Much like storytelling, Gaelic games and traditional music, Irish dancing is an integral part of Ireland’s history, culture and heritage. 

Whether you live here on the Emerald Isle, are part of a diaspora in another country, or simply appreciate Irish culture from afar, chances are that you’ve seen Irish dancing in one shape or form.

Despite that, few know the origins of Irish dancing and we want to right those wrongs… 

What is Irish Dancing?

Irish dancing is a form of dancing generally typified by limited upper-body movement and fast, frenetic footwork. The rise of this style was in large part due to the limited spaces available, during its formative years, for public dancing. These spaces generally included local barns, pubs, or whatever was available. 

The dancing can be both solo or group and is undertaken for social, competitive and performance purposes depending on the dancers and groups involved.

Irish dancing includes set dancing routines, social ceili routines, step routines and dances known as jigs, reels and step dances. 

When was Irish Dancing Invented?

The true origins of Irish dancing are unknown as, like much of Ireland’s ancient culture, many of the traditions, history and teachings, were passed down generation to generation orally. 

Despite that it is known that dancing came to Ireland via the Druids and the Celts.

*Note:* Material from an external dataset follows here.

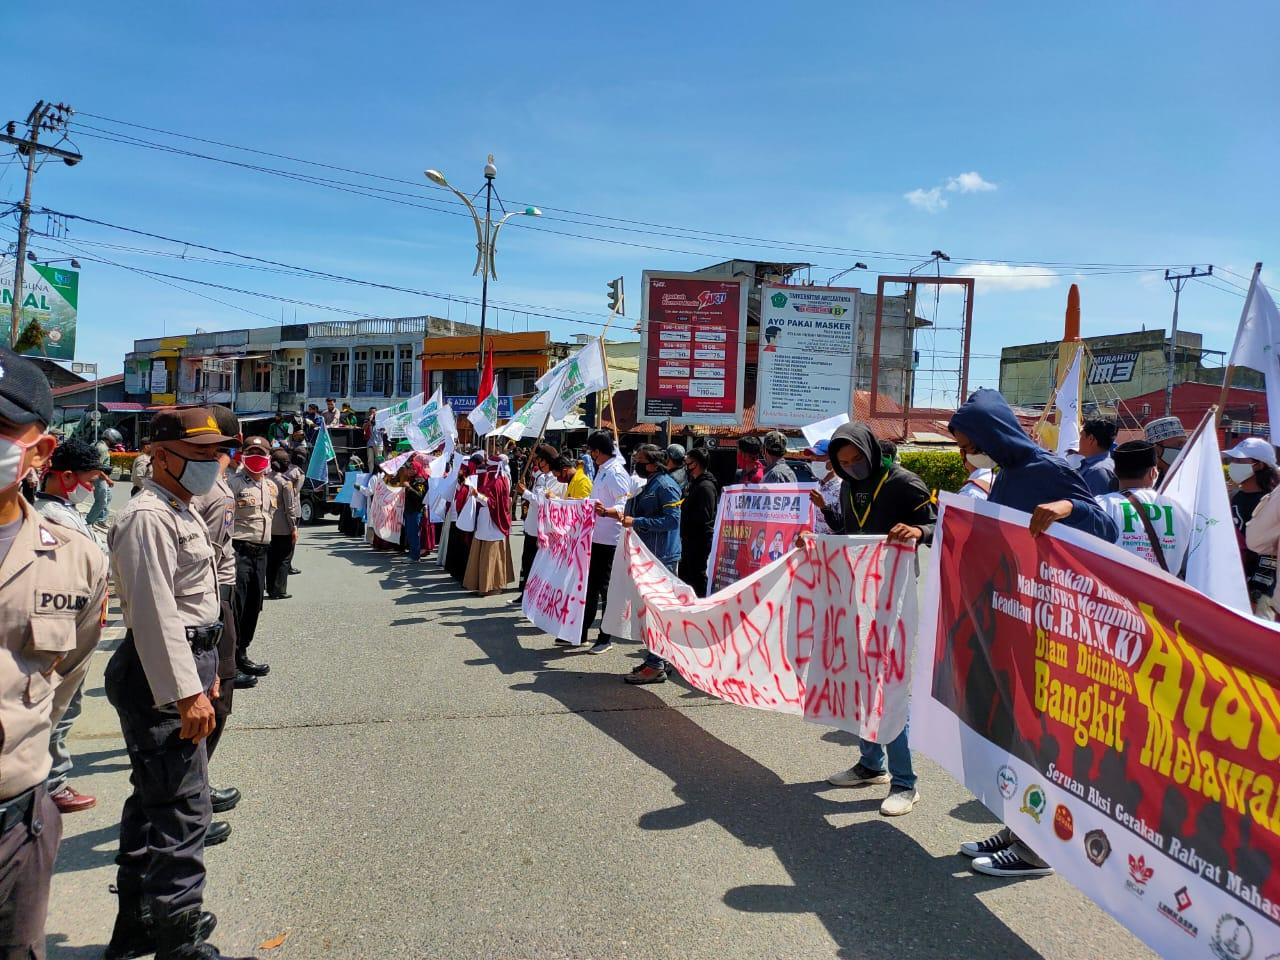 Gelar Aksi, KAMMI Daerah Aceh Barat Tegas Tolak RUU HIP

The Druids were said to undertake circular dances around sacred trees whilst Celts celebrated the “Aonach” (Great Festival), at the famous Hill of Tara, with group dances.

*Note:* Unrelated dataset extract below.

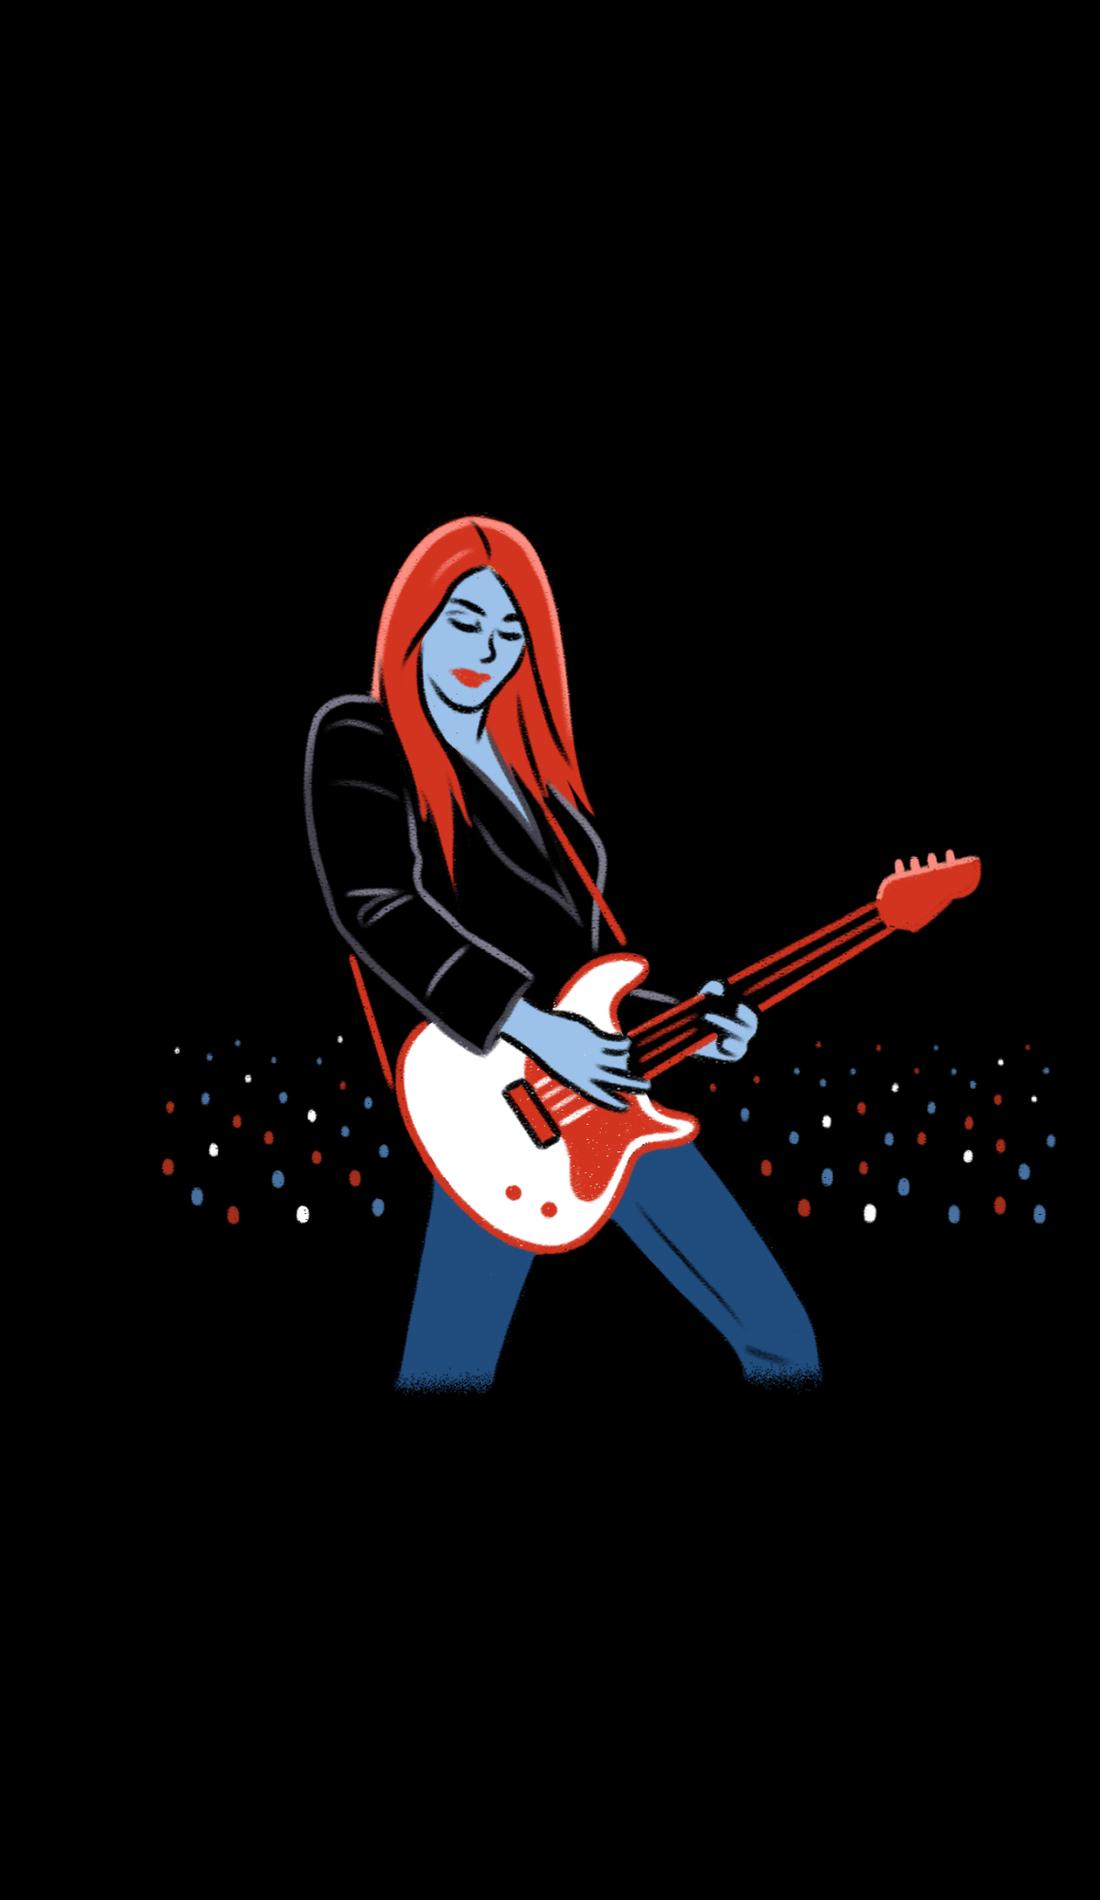 A Levitation Room live event

The beginnings of what we recognise today as Irish dancing, began in the 17th century onwards and was influenced by English Country dances and French/Latin style Quadrille dances.

At this time Ireland witnessed the rise of traveling “dance masters” who would travel village-to-village teaching locals technique and style. This time also saw the rise of Irish traditional music and the two cultural expressions now go hand-in-hand together. 

Modern Irish Dancing

Since then Irish dancing has long been an important part of Irish culture.

The rise of modern Irish dancing began with the formation of the Gaelic League in 1893, the formation of the Irish Dancing Commission in 1930, and the launch of the Irish Dancing World Championships in 1970. 

The World Championships still run annually and regularly welcome over 6000 dancers from over 30 countries around the world!

For many though, modern Irish dancing will mean just one thing alone: Riverdance.

The popular Irish dancing show launched at Eurovision in 1994, headlined by champion dancers Jean Butler and Michael Flatley, and went on to achieve worldwide success during a remarkable run of 15 years! 

On a local level you will still find hundreds of Irish dancing groups and competitions throughout all corners of Ireland.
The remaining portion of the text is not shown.